Try it: For this item, repeat the material exactly while omitting its pictures.

Given material:
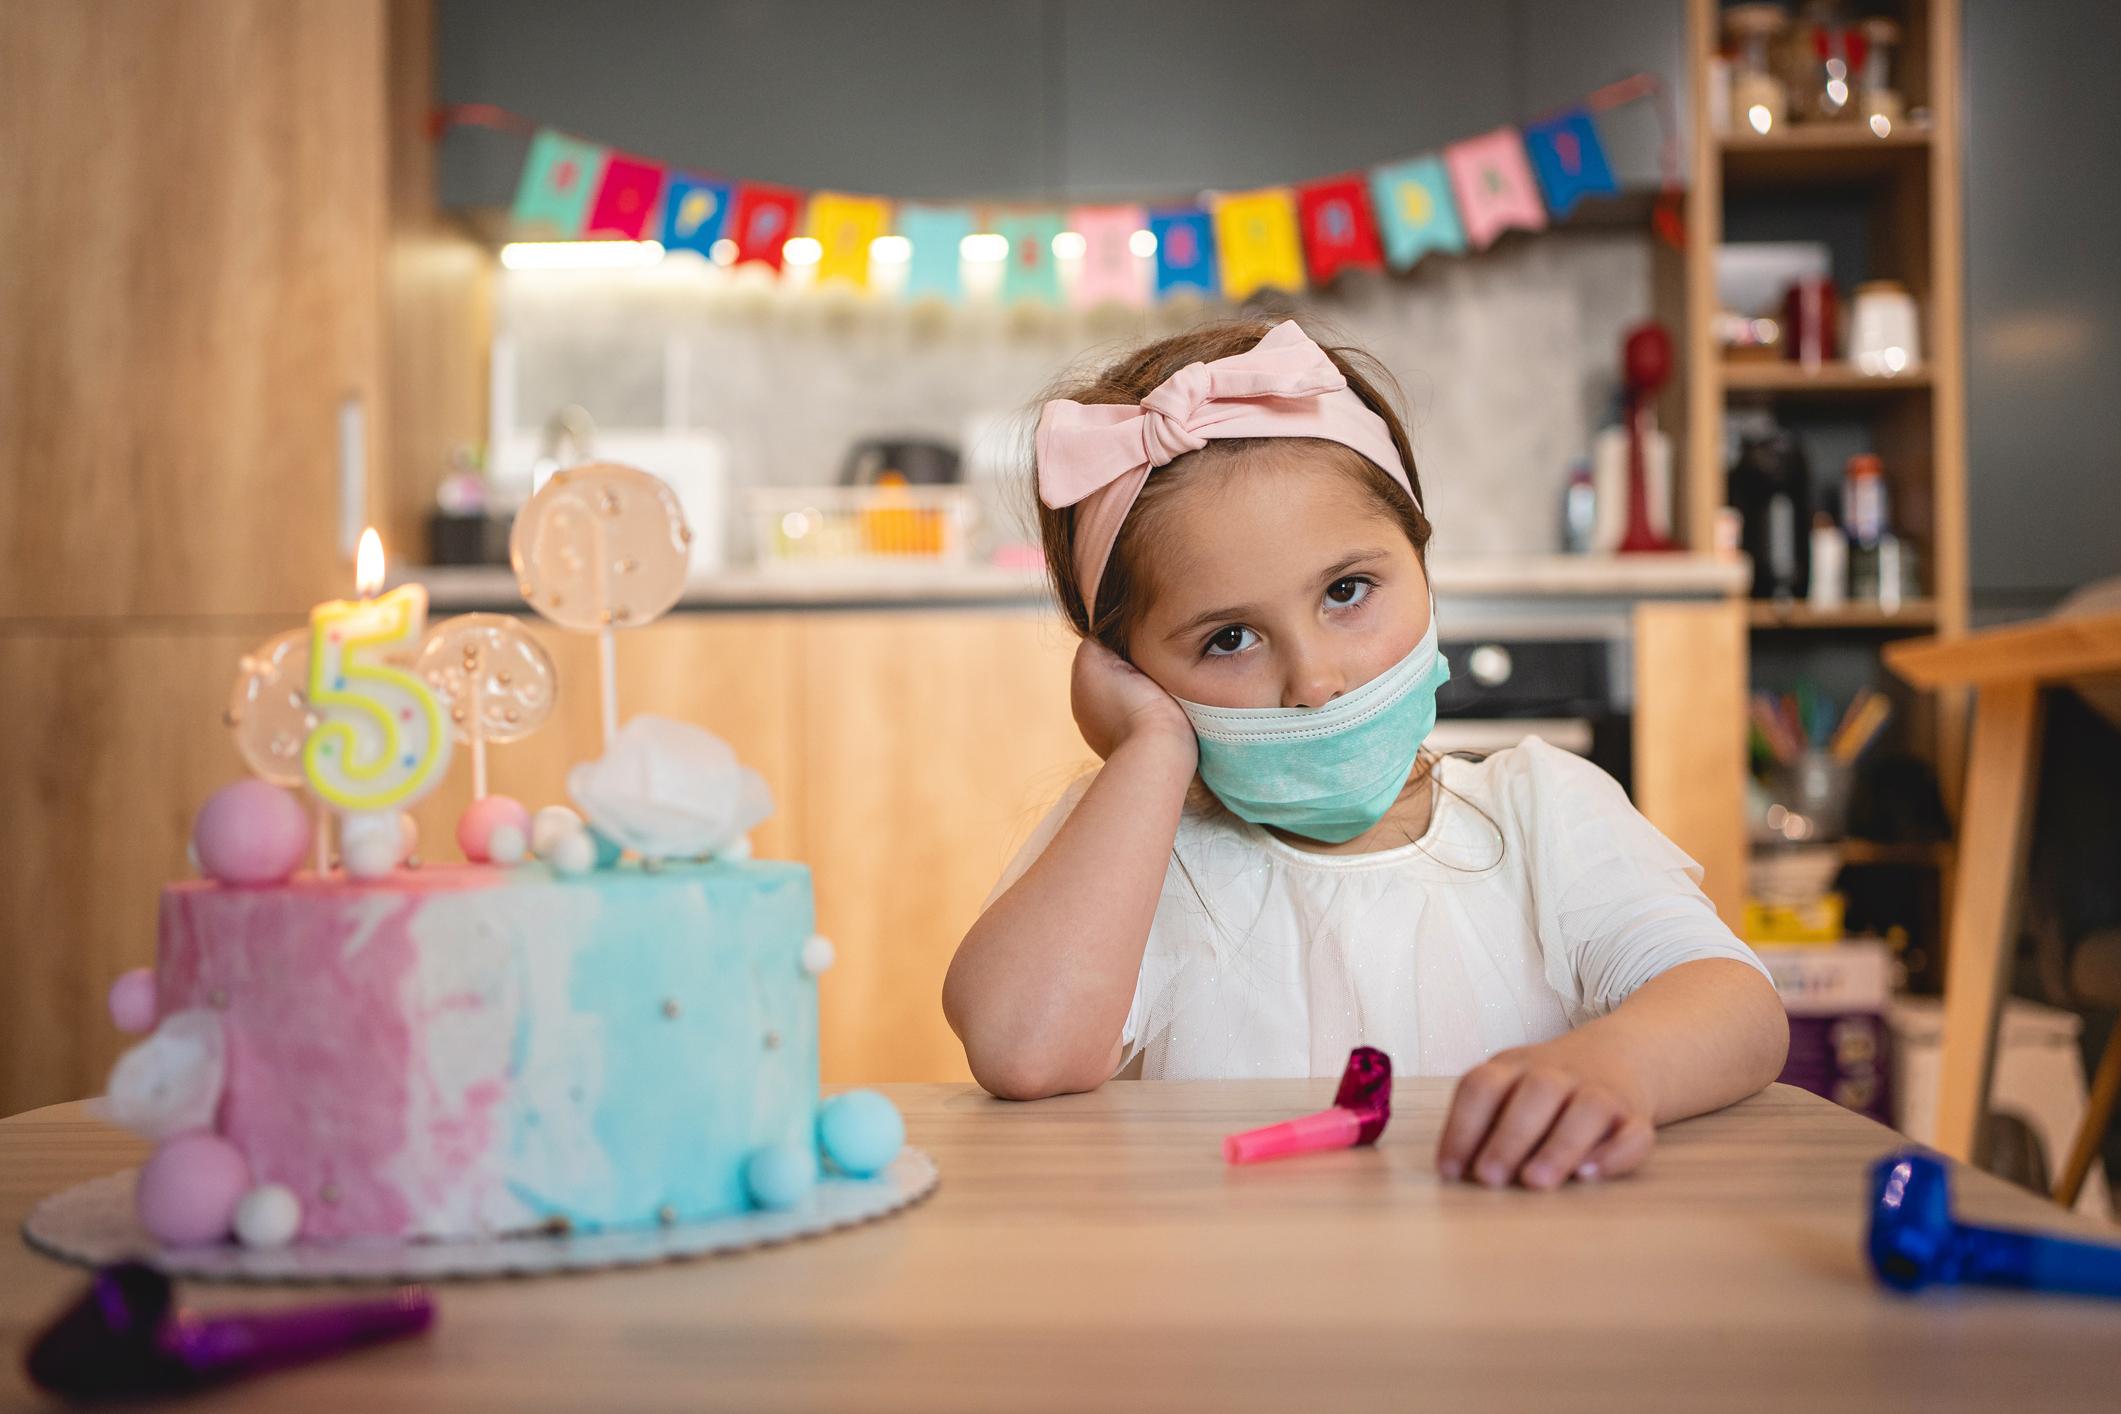 Sorprese Per Un Compleanno come organizzare il compleanno durante la quarantena - www
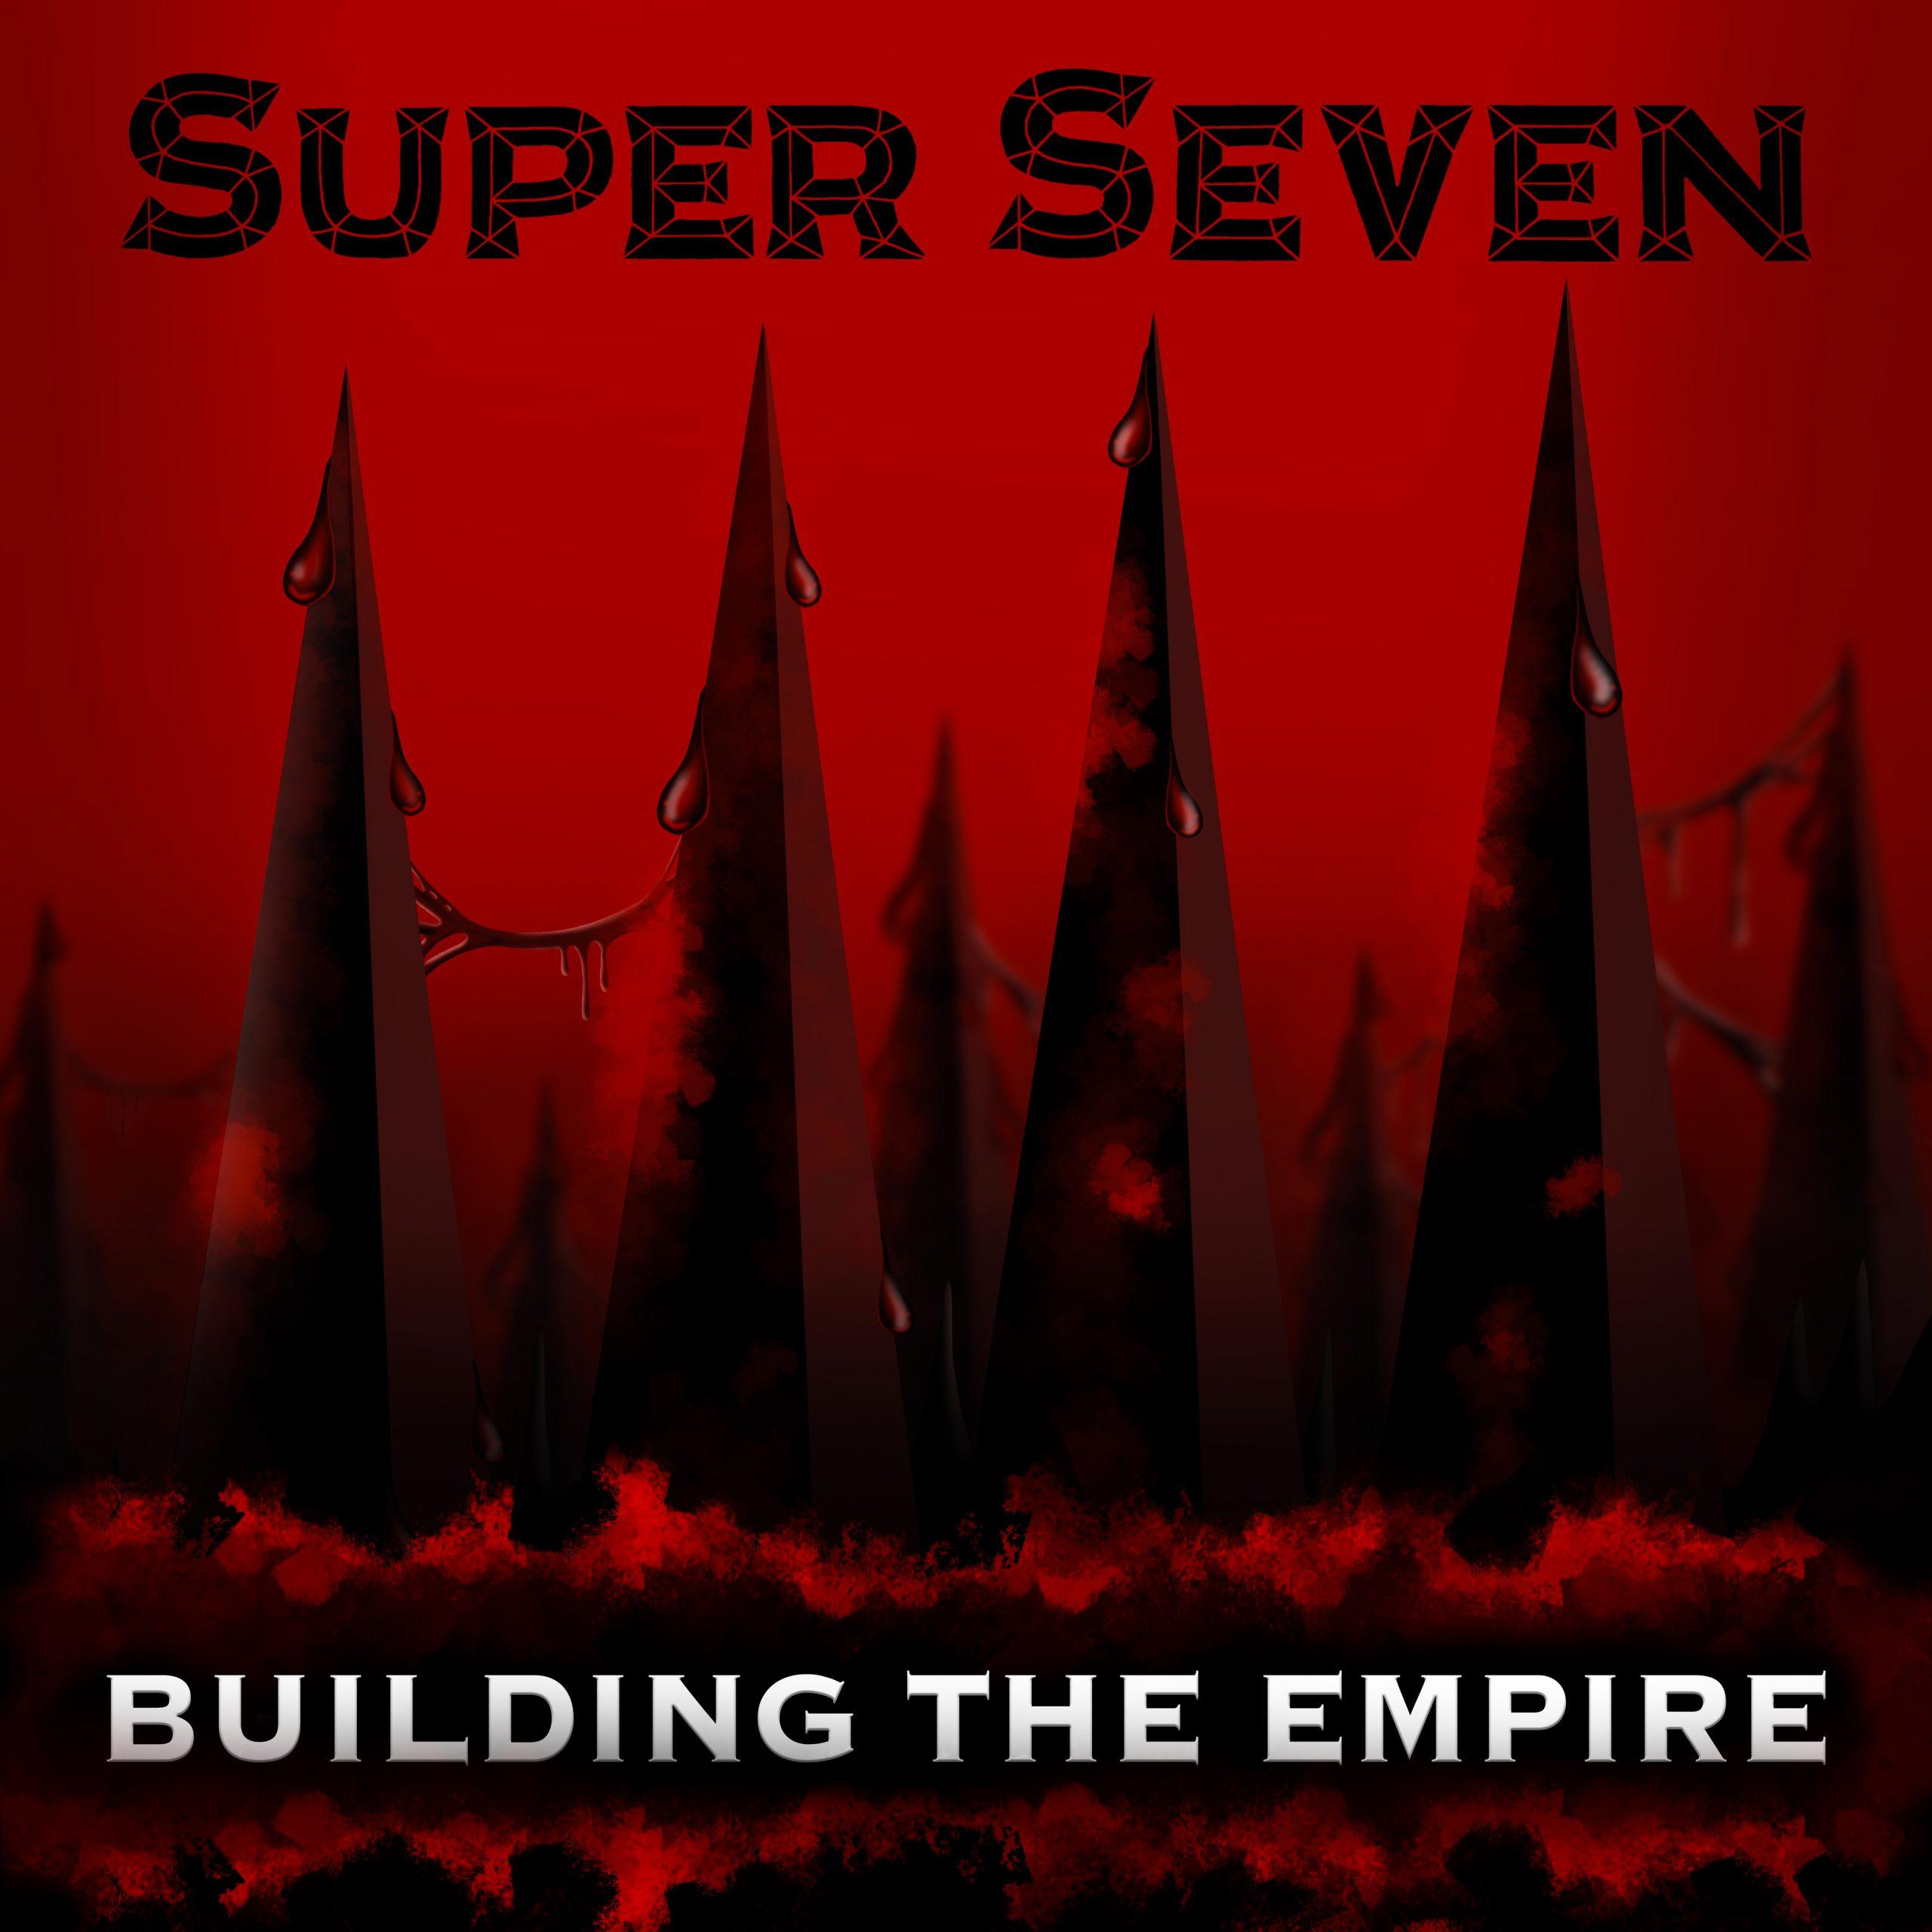 Super Seven - Building the Empire (Cover Art)
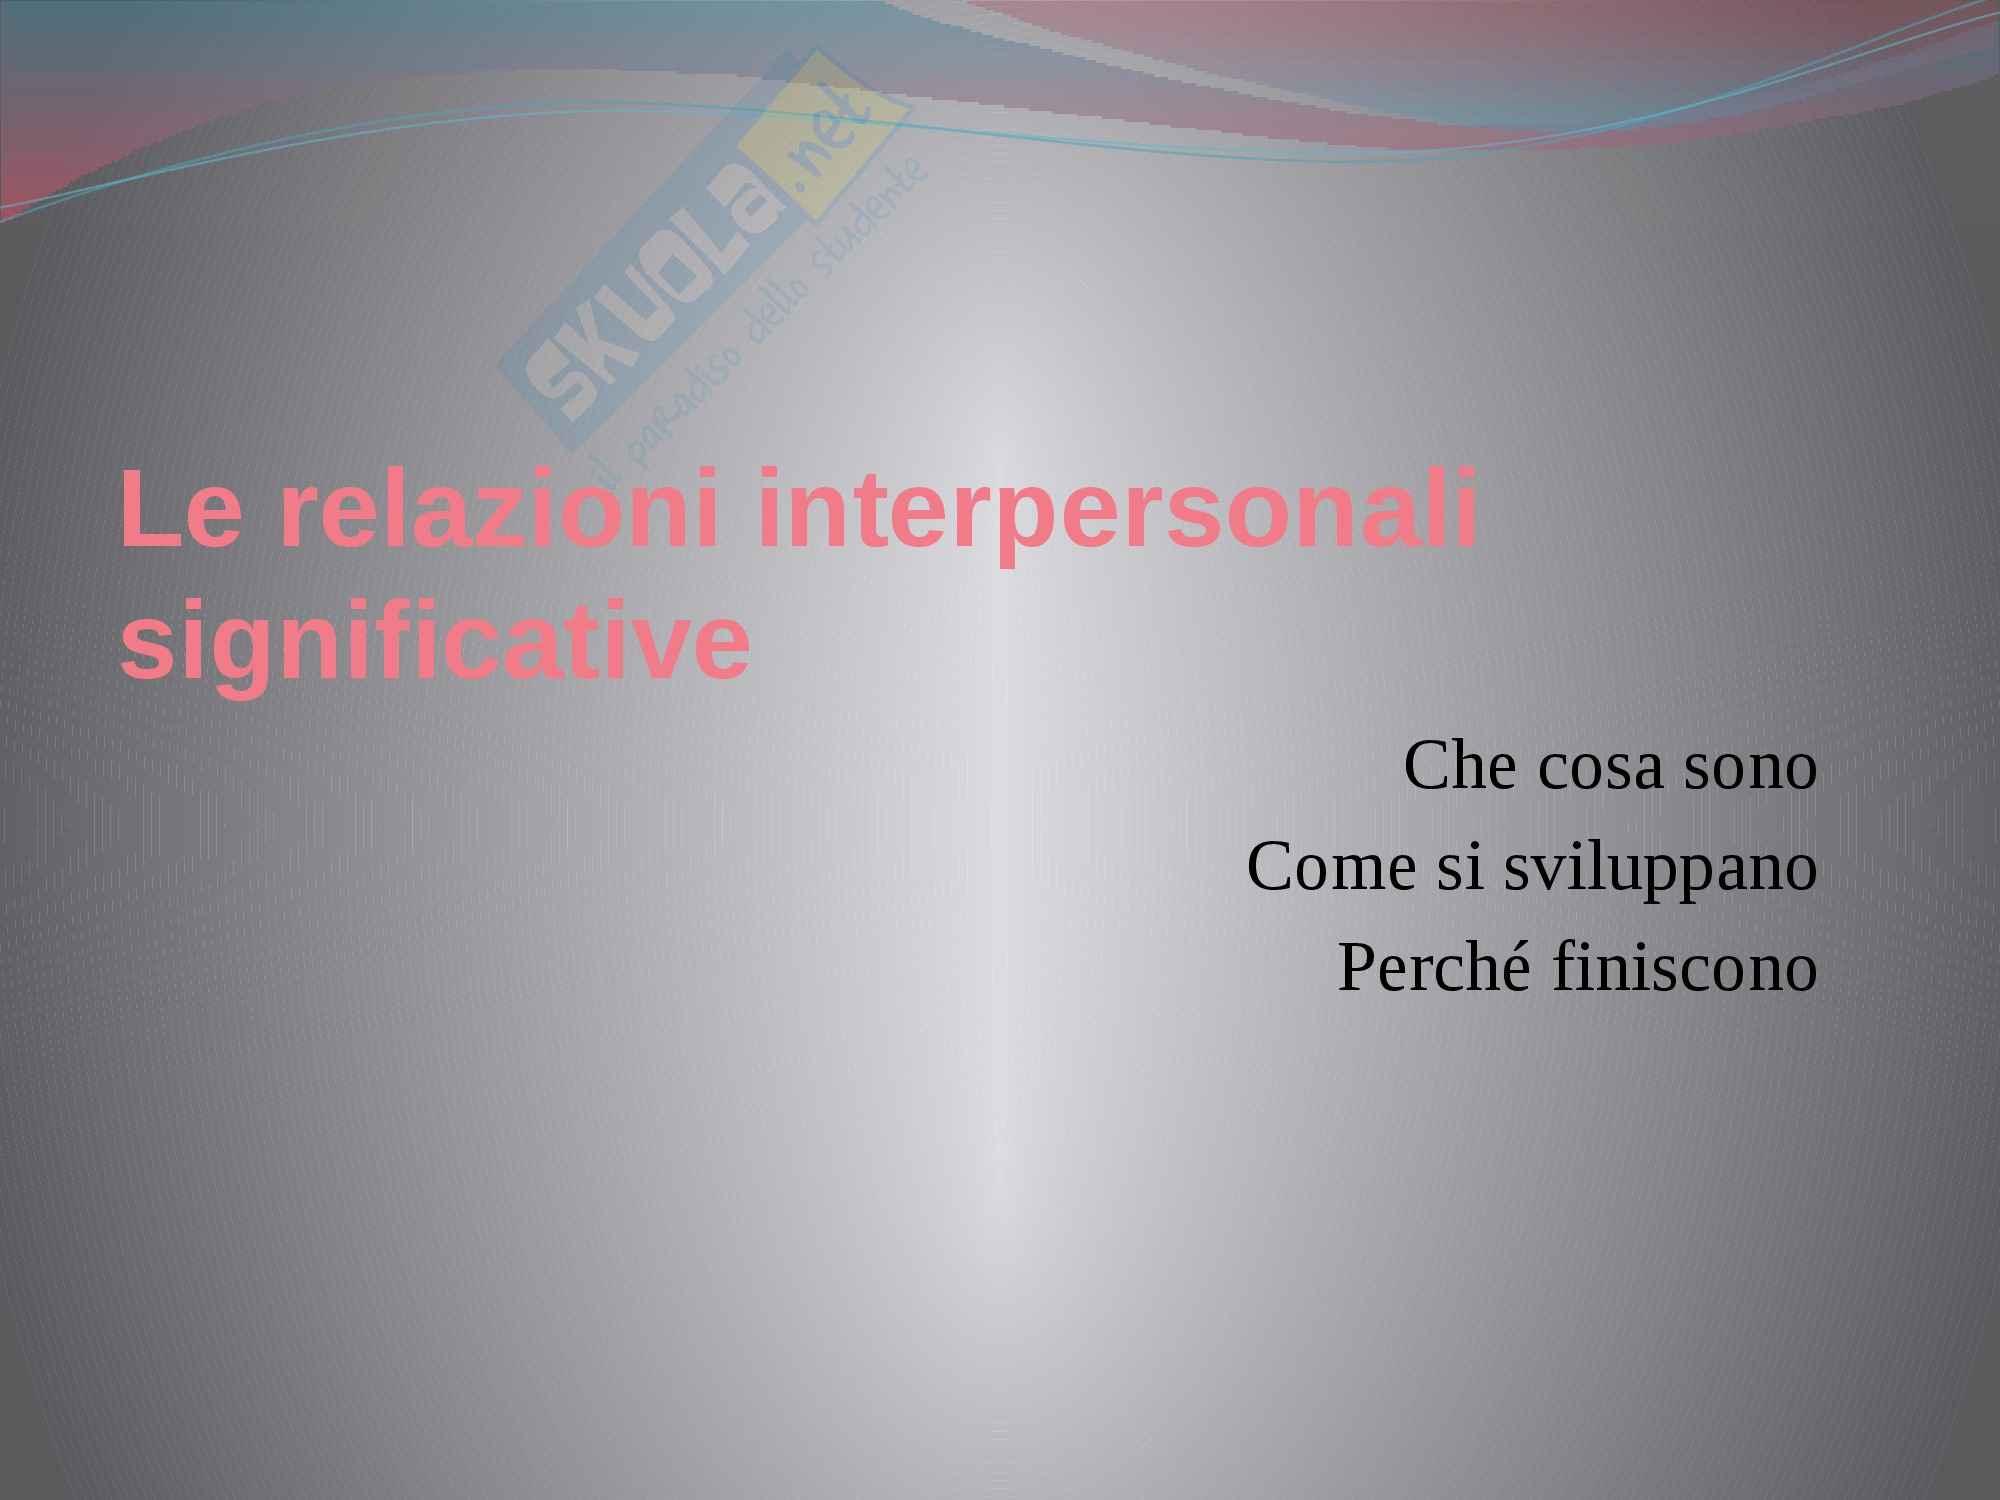 Le relazioni interpersonali significative

Result for this task:
 Sorprese Per Un Compleanno come organizzare il compleanno durante la quarantena - www
 Super Seven - Building the Empire (Cover Art)
 Le relazioni interpersonali significative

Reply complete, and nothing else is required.